# Brief
Word for word, please restate the line that contains "Una cuffietta chirurgica" and all lines after it through the end of the material, minus the pictures.

++++ Data section

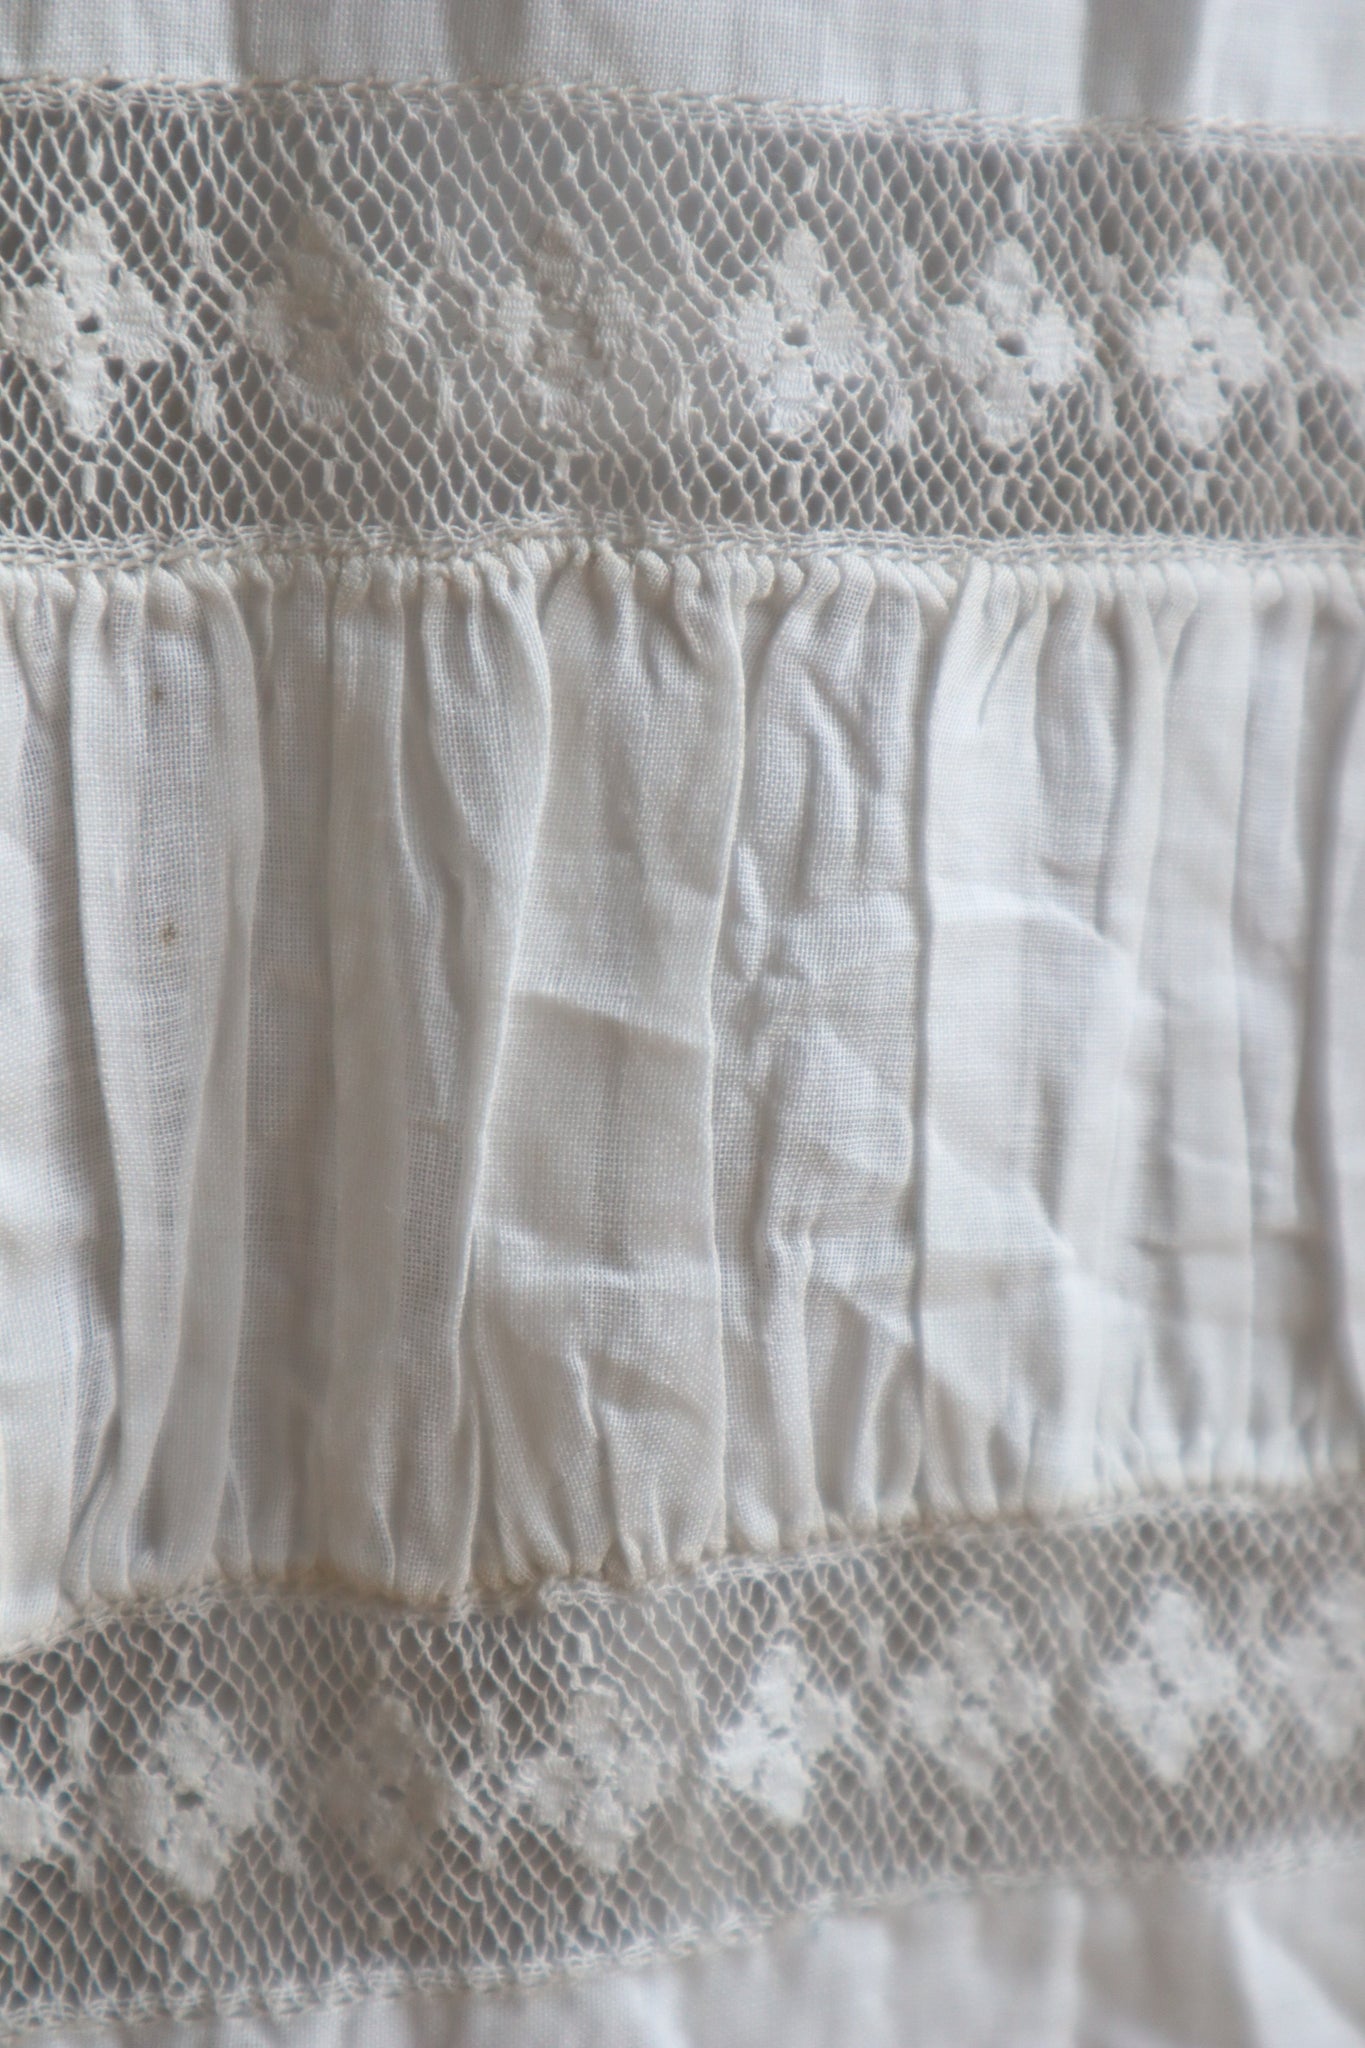 1890s~1900s Sheer Linen Cotton Skirt
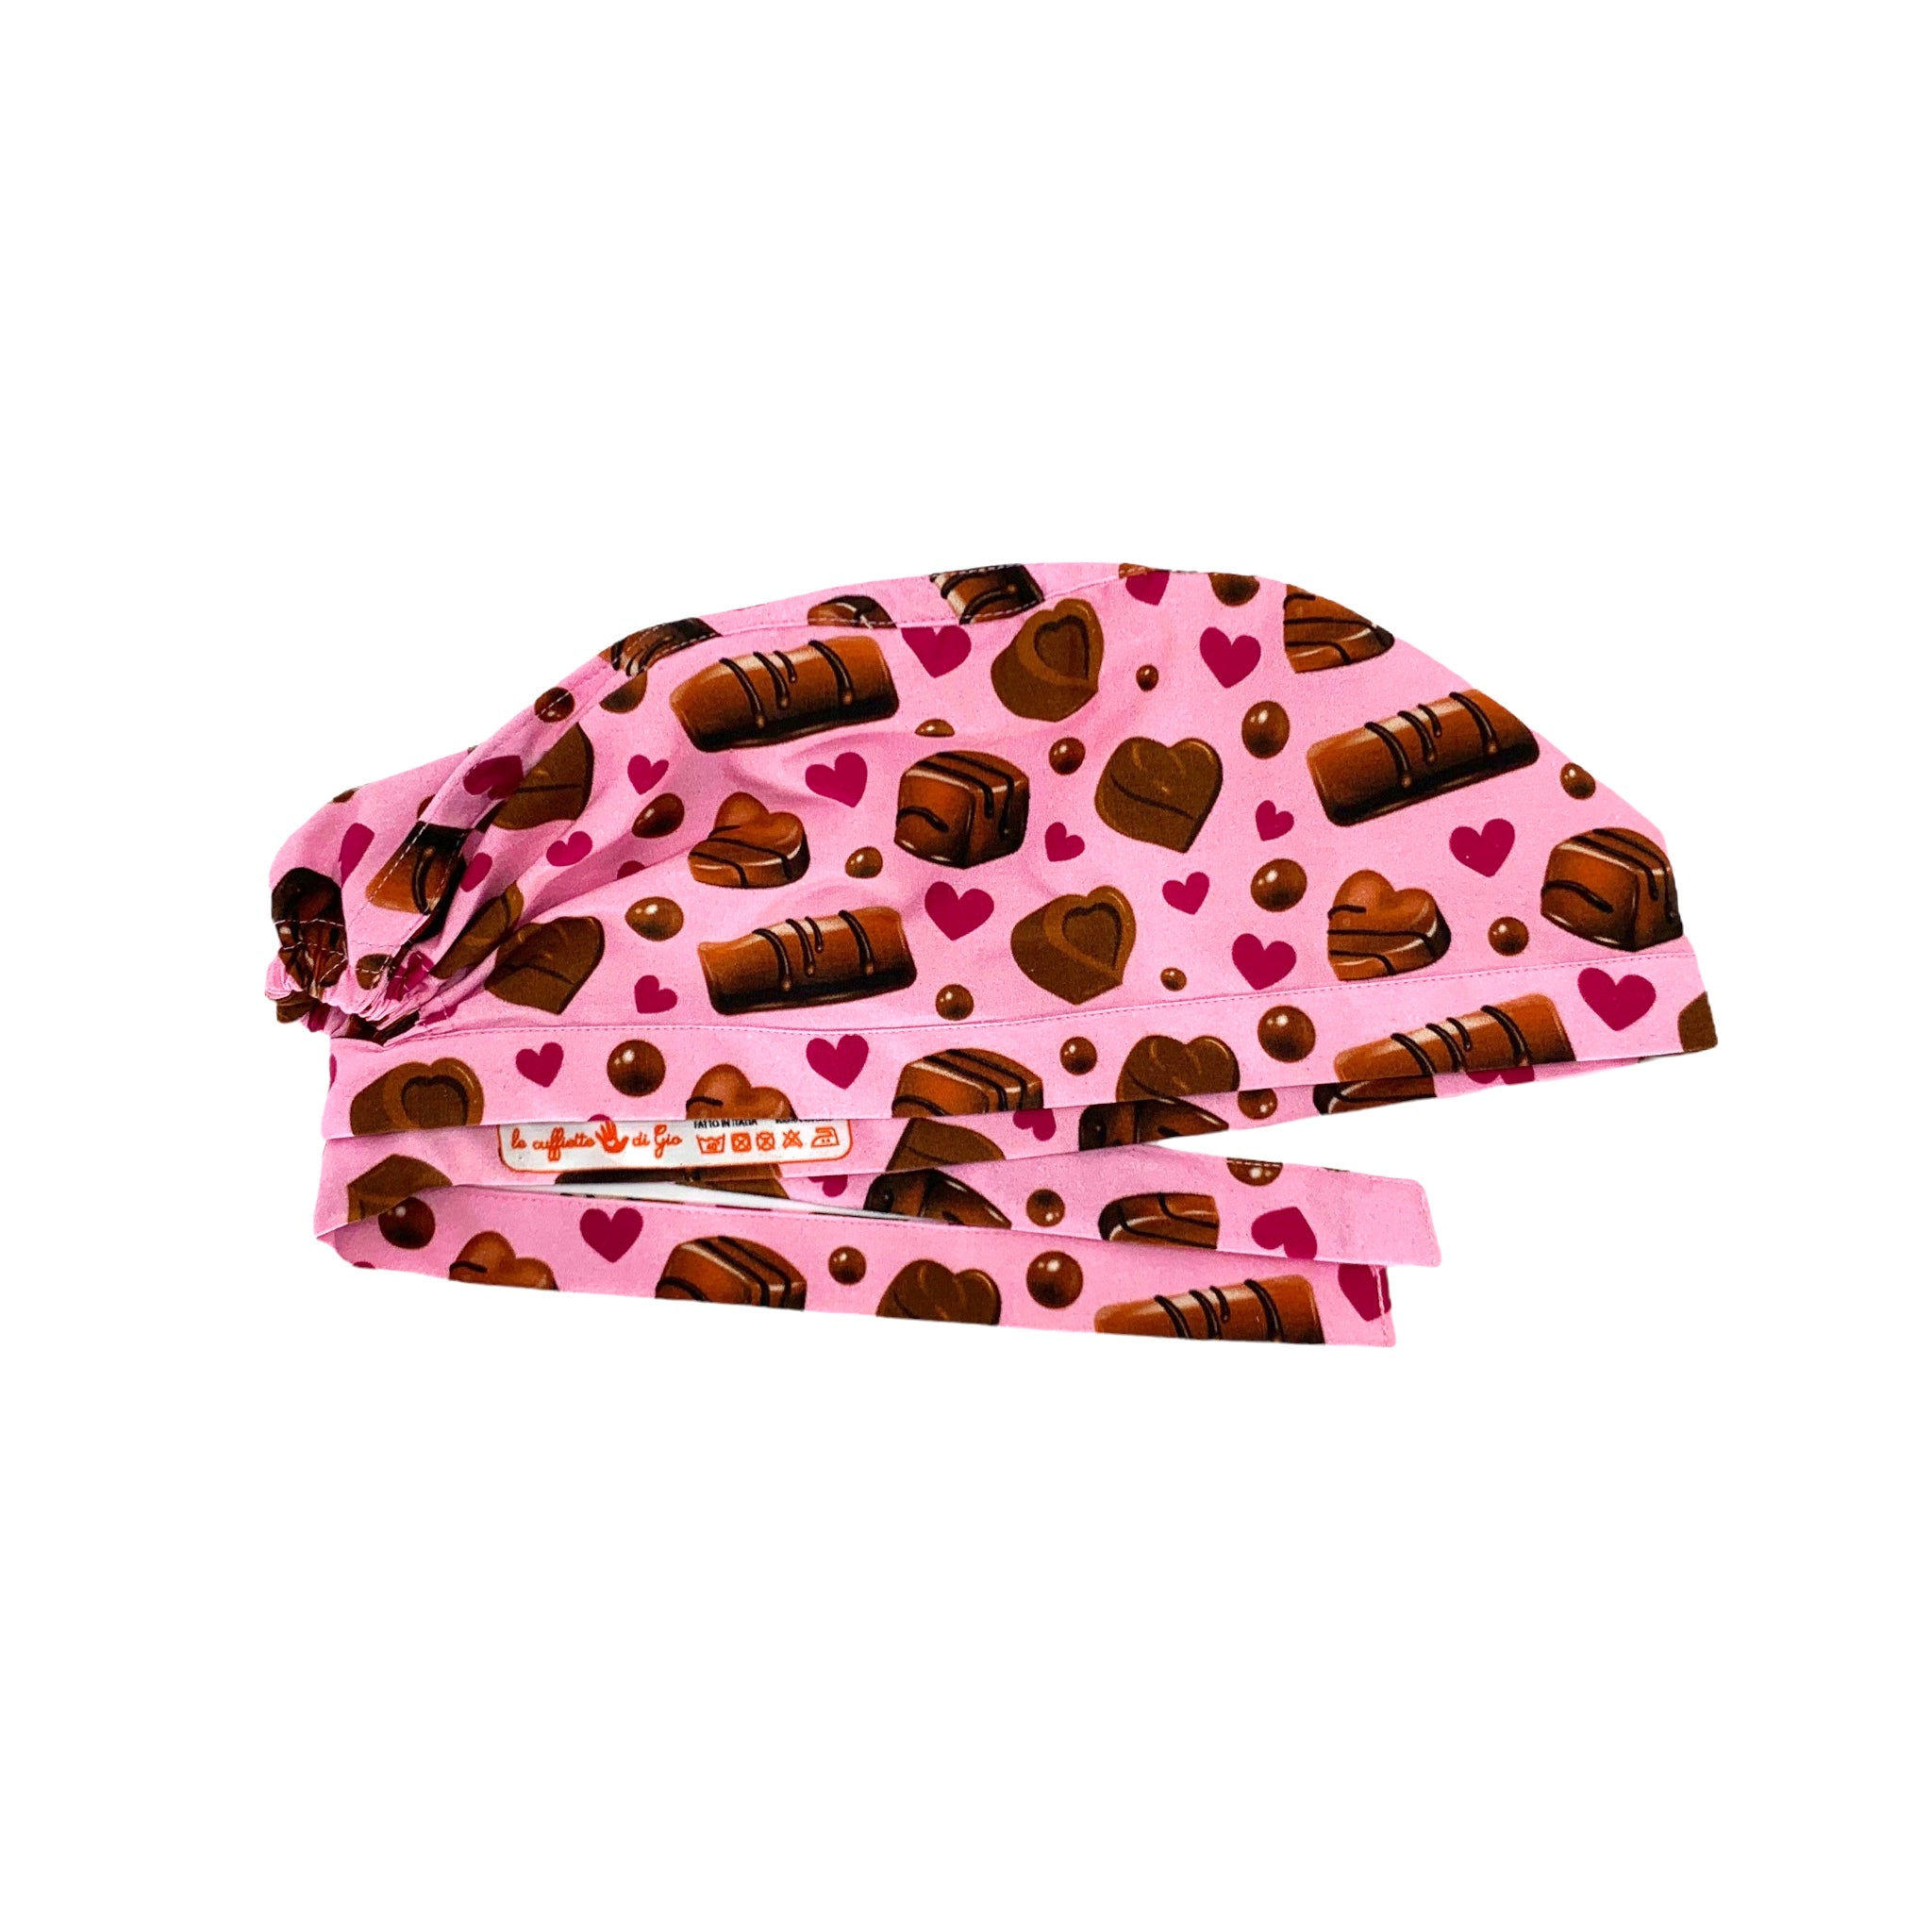 Una cuffietta chirurgica dedicata agli amanti del cioccolato: praline e cioccolatini con piccoli cuori a contrasto su sfondo rosa
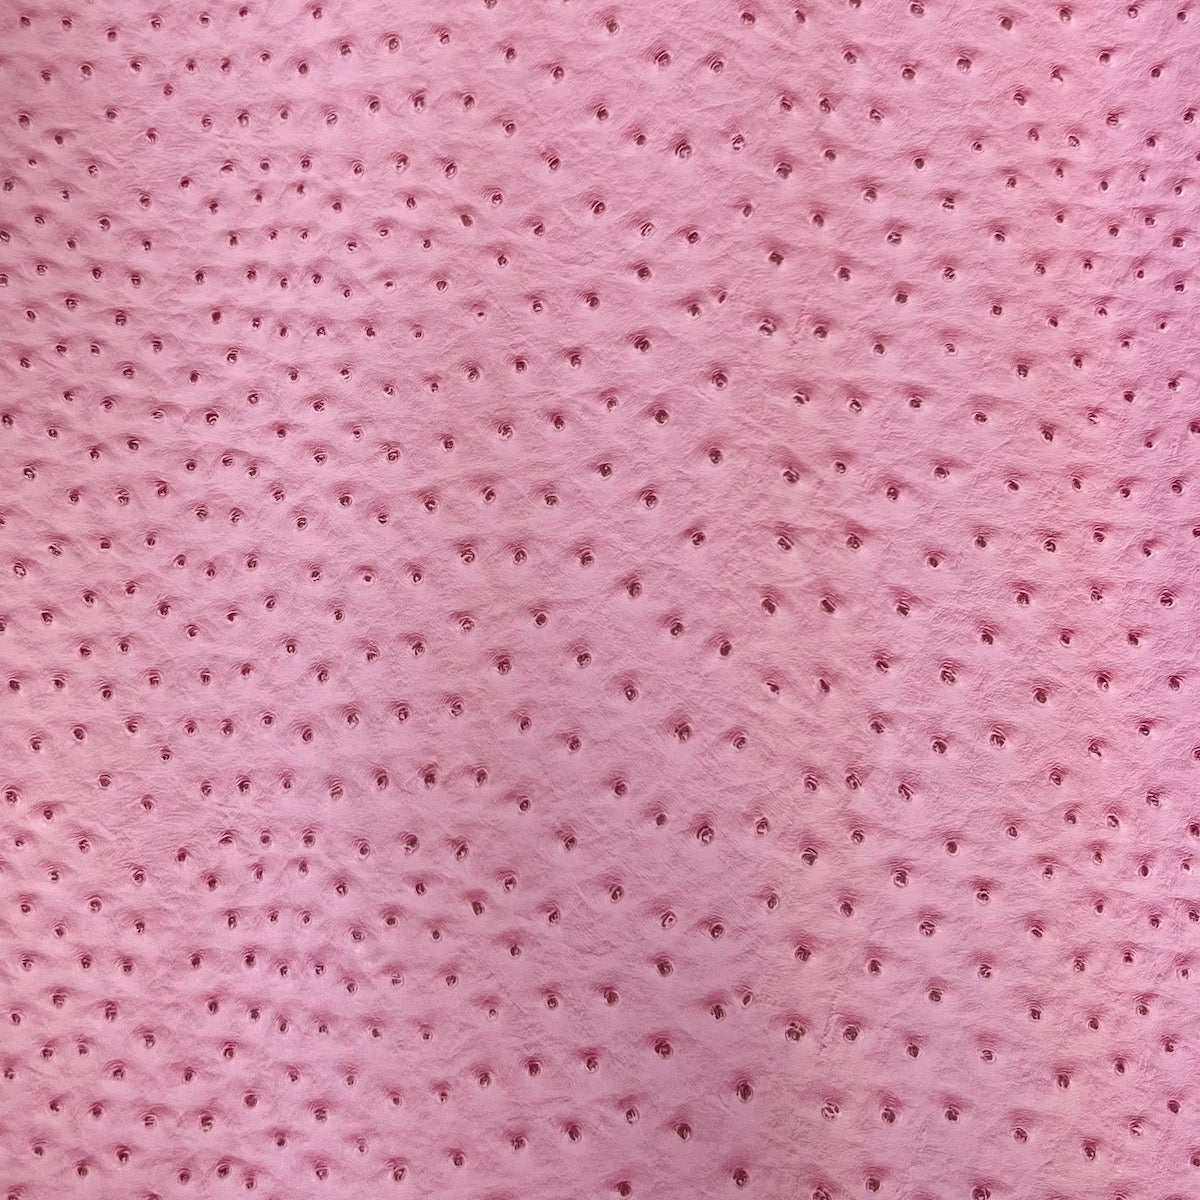 Bubble Gum Pink Leather Hides
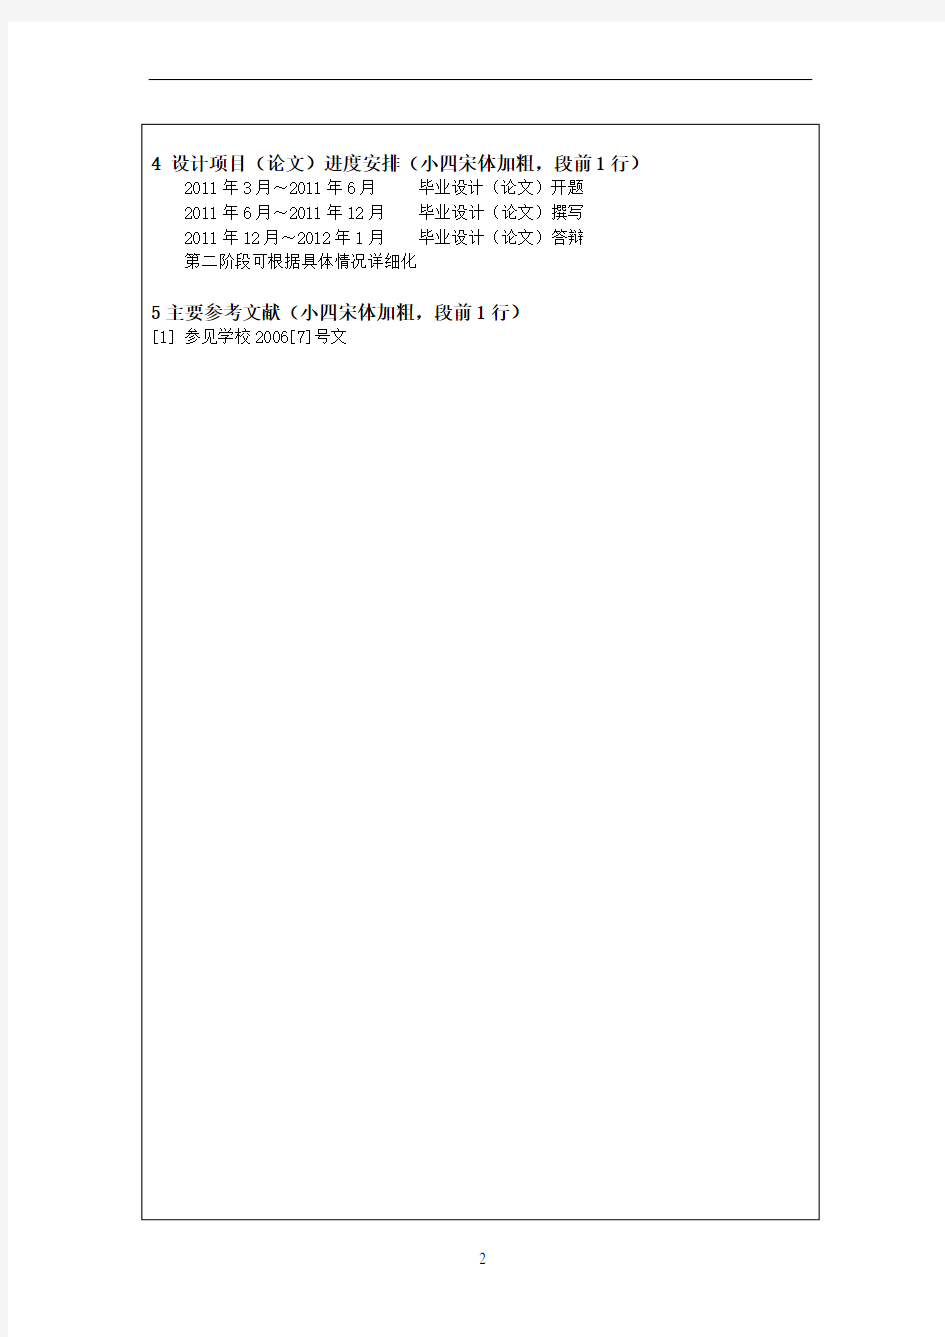 四川农业大学本科生毕业论文(设计)开题报告格式

++++++++

# Task answer
 Una cuffietta chirurgica dedicata agli amanti del cioccolato: praline e cioccolatini con piccoli cuori a contrasto su sfondo rosa
 Bubble Gum Pink Leather Hides
 四川农业大学本科生毕业论文(设计)开题报告格式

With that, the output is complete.